Using biometric technology to combat medical identity theft

Iris scans may soon await you on your next hospital visit.
Written by Channtal Fleischfresser, Contributor

Cases of identity theft usually revolve around stolen credit cards and bank accounts. But these days, stolen identities are also being used for medical treatment. An Ohio man recently indicted on identity theft charges is said to have used another person's identity to get more than $300,000 in medical treatment.

This sort of data breach can cost the U.S. health care system up to $7 billion a year, according to the Ponemon Institute, which studies privacy, data protection and security.

Increasingly, biometric technology (things like iris scanners or palm vein readers, previously found mostly in sci-fi movies) is being considered as a way of verifying people's identities. Sales of biometric devices are forecast to rise 20 percent a year to nearly $11 billion by 2017, and these providers speak of increasing demand from health care providers.

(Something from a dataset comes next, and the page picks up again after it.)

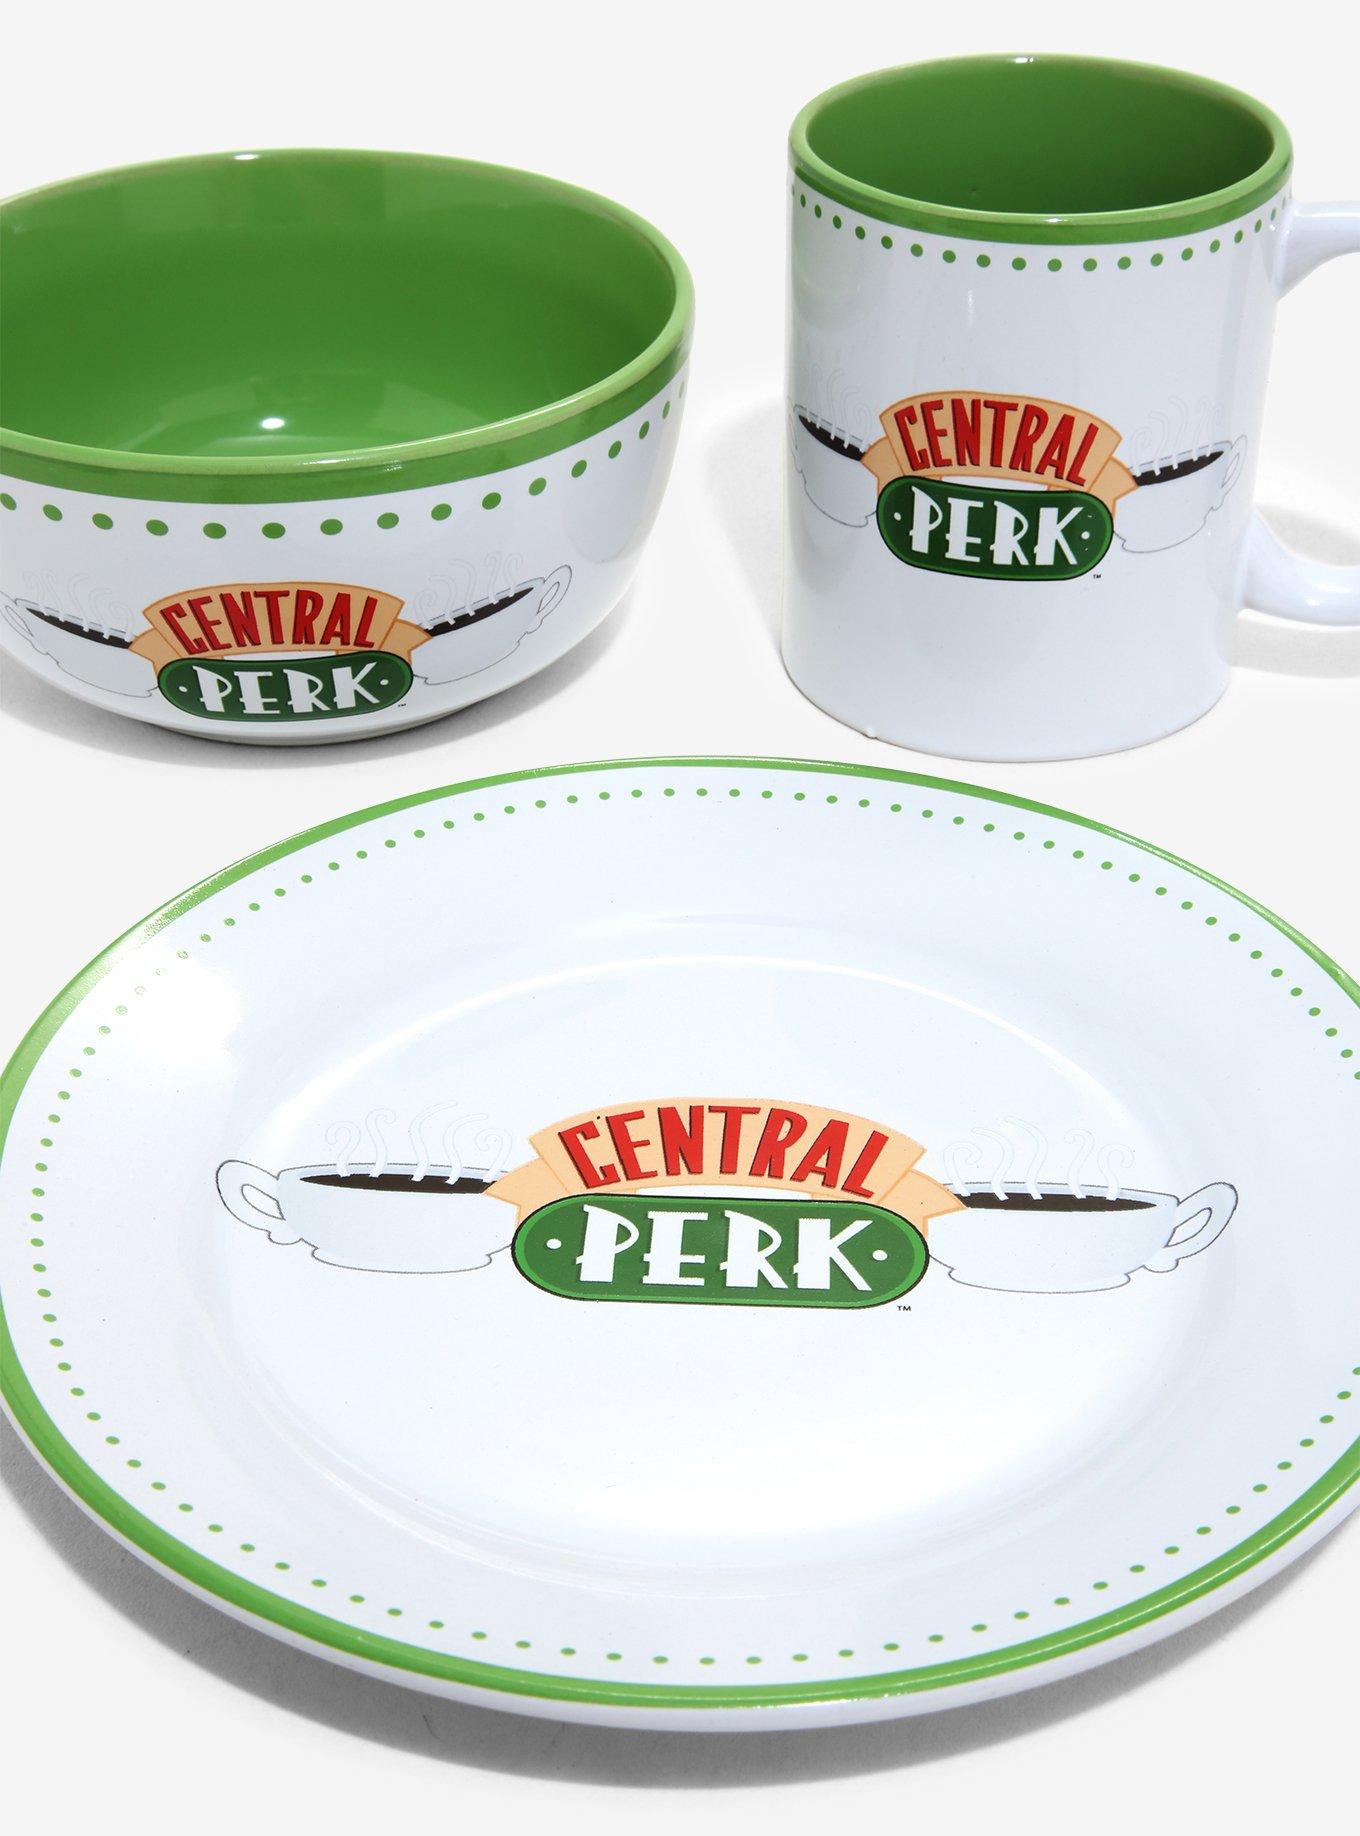 Friends Central Perk 12 Piece Dinner Set with 4 Bowls 4 Dinner Plates and 4 Side Plates Friends TV Series Central Perk Dinnerware

These days, an iris-scanning unit can cost between $200 and $300. According to Joey Pritkin, director of product marketing for identity solutions at AOptix, whose technology is used at London's Gatwick airport, an iris scan is 100,000 times more resistant to false identification than facial-recognition software.

Among the 80 health care groups surveyed by the Ponemon Institute, more than half reported at least one incident of medical identity theft, and forty-five percent reported more than five data breaches in the past two years.

“This is a technology whose time has arrived both in a cost sense and in terms of its potential utilization,” said Ted Dunstone, chief executive officer of Australian consulting firm Biometix.